View All Posts
Want to keep up to date with the latest posts and videos? Subscribe to the newsletter
HELP SUPPORT MY WORK: If you're feeling flush then please stop by Patreon Or you can make a one off donation via ko-fi

A long time ago I did a blog post on how to do AR on the iPhone. The code was written pre iOS4.0 and used the UIGetScreenImage function. I’ve now updated the code to use the new 4.0 features.

The code is available here

With the advent of iOS4.0 we now have proper access to the real time camera stream and the use of UIGetScreenImage is not allowed anymore.

To access the camera we now use the AV Foundation framework. There’s a number of really good resources on how to use this. The WWDC video “Session 409 - Using the Camera with AV Foundation” along with the sample code from that session is a great resource (registered iPhone devs can download all the WWDC videos and sample code from iTunes by clicking here:

To access the camera we need to add the following frameworks to our application:

  • AVFoundation
  • CoreVideo
  • CoreMedia

The first step is to create an AVCaptureSession

// Create the AVCapture Session
session = [[AVCaptureSession alloc] init];

If you want to show what the camera is seeing then you can create a view preview layer - this is handy if you just want to draw stuff on top of the camera preview.

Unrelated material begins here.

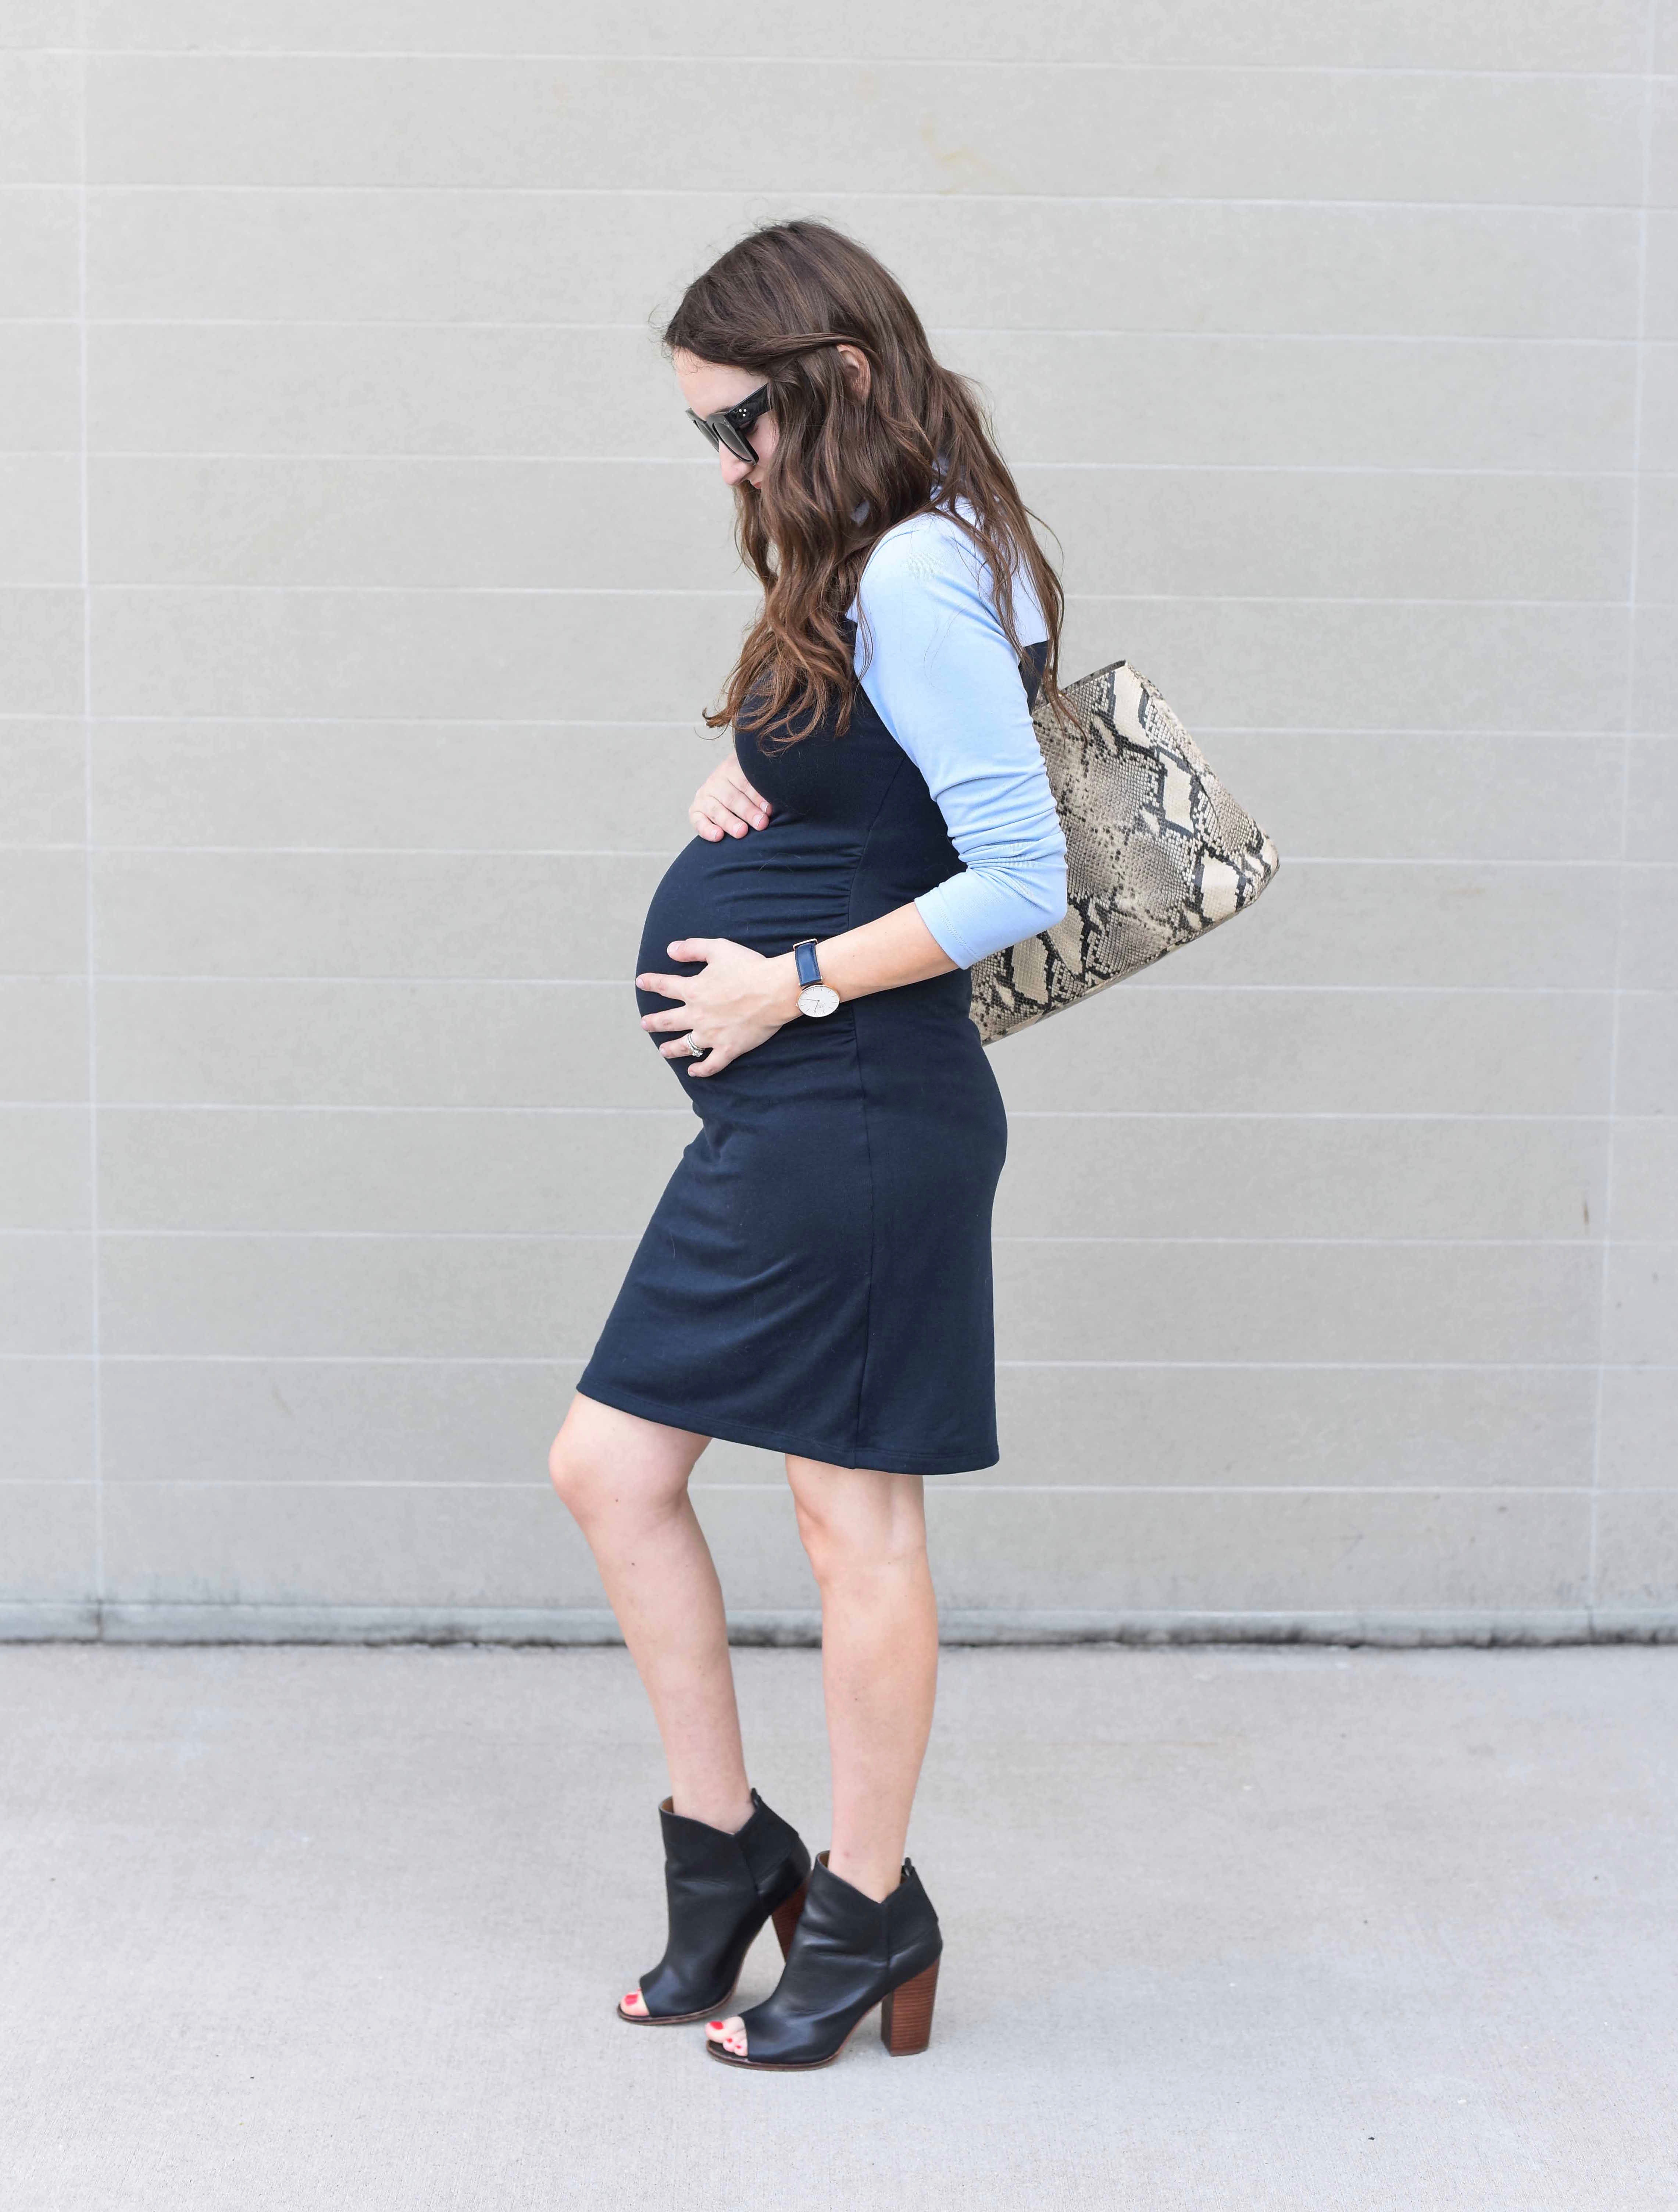 Lone Star Looking Glass, a Texas fashion blow, styles a blue colorblocked maternity dress from Stowaway at 28 weeks pregnant.

// create a preview layer to show the output from the camera
AVCaptureVideoPreviewLayer *previewLayer = [AVCaptureVideoPreviewLayer layerWithSession:session];
previewLayer.frame = previewView.frame;
[previewView.layer addSublayer:previewLayer];

In the code above I’ve assumed that you’ve created a view called previewView in your view hierarchy and positioned it where you want the camera preview to appear. The preview image will be aspect scaled to fit in the frame you specify. The next step is to get hold of the capture device - here we just ask the OS to give us the default device that supports video. This will normally be the back camera. You can use the AVCaptureDevice class to query what devices are available using the devicesWithMediaType method.

// Get the default camera device
AVCaptureDevice* camera = [AVCaptureDevice defaultDeviceWithMediaType:AVMediaTypeVideo];

We now need to create a capture input with our camera

// Create a AVCaptureInput with the camera device
NSError *error=nil;
AVCaptureInput* cameraInput = [[AVCaptureDeviceInput alloc] initWithDevice:camera error:&error];

And configure the capture output. This a bit more complicated. We allocate an instance of AVCaptureViewDataOutput and set ourself as the delegate to receive sample buffers - our class will need to implements the AVCaptureVideoDataOutputSampleBufferDelegate protocol. We need to provide a dispatch queue to run the output delegate on - you can't use the default queue.     We also set our desired pixel format - there are a couple of recommended output formats, CVPixelFormatType_32BGRA on all devices, kCVPixelFormatType_422YpCbCr8 on the 3G device and kCVPixelFormatType_420YpCbCr8BiPlanarVideoRange on the 3GS and 4 devices. In this example we'll just use CVPixelFormatType_32BGRA. <br />

// Set the output
AVCaptureVideoDataOutput* videoOutput = [[AVCaptureVideoDataOutput alloc] init];
// create a queue to run the capture on
dispatch_queue_t captureQueue=dispatch_queue_create("catpureQueue", NULL);
// setup our delegate
[videoOutput setSampleBufferDelegate:self queue:captureQueue];

// configure the pixel format
videoOutput.videoSettings = [NSDictionary dictionaryWithObjectsAndKeys:[NSNumber numberWithUnsignedInt:kCVPixelFormatType_32BGRA], (id)kCVPixelBufferPixelFormatTypeKey,

We can also configure the resolution of the images we want to capture.

Preset3G3GS4 back4 front
// and the size of the frames we want
 [session setSessionPreset:AVCaptureSessionPresetMedium];

Finally we need to add the input and outputs to the session and start it running:

// Add the input and output
 [session addInput:cameraInput];
 [session addOutput:videoOutput];
 // Start the session
 [session startRunning]; 

We’ll now start to receive images from the capture session on our implementation of didOutputSampleBuffer.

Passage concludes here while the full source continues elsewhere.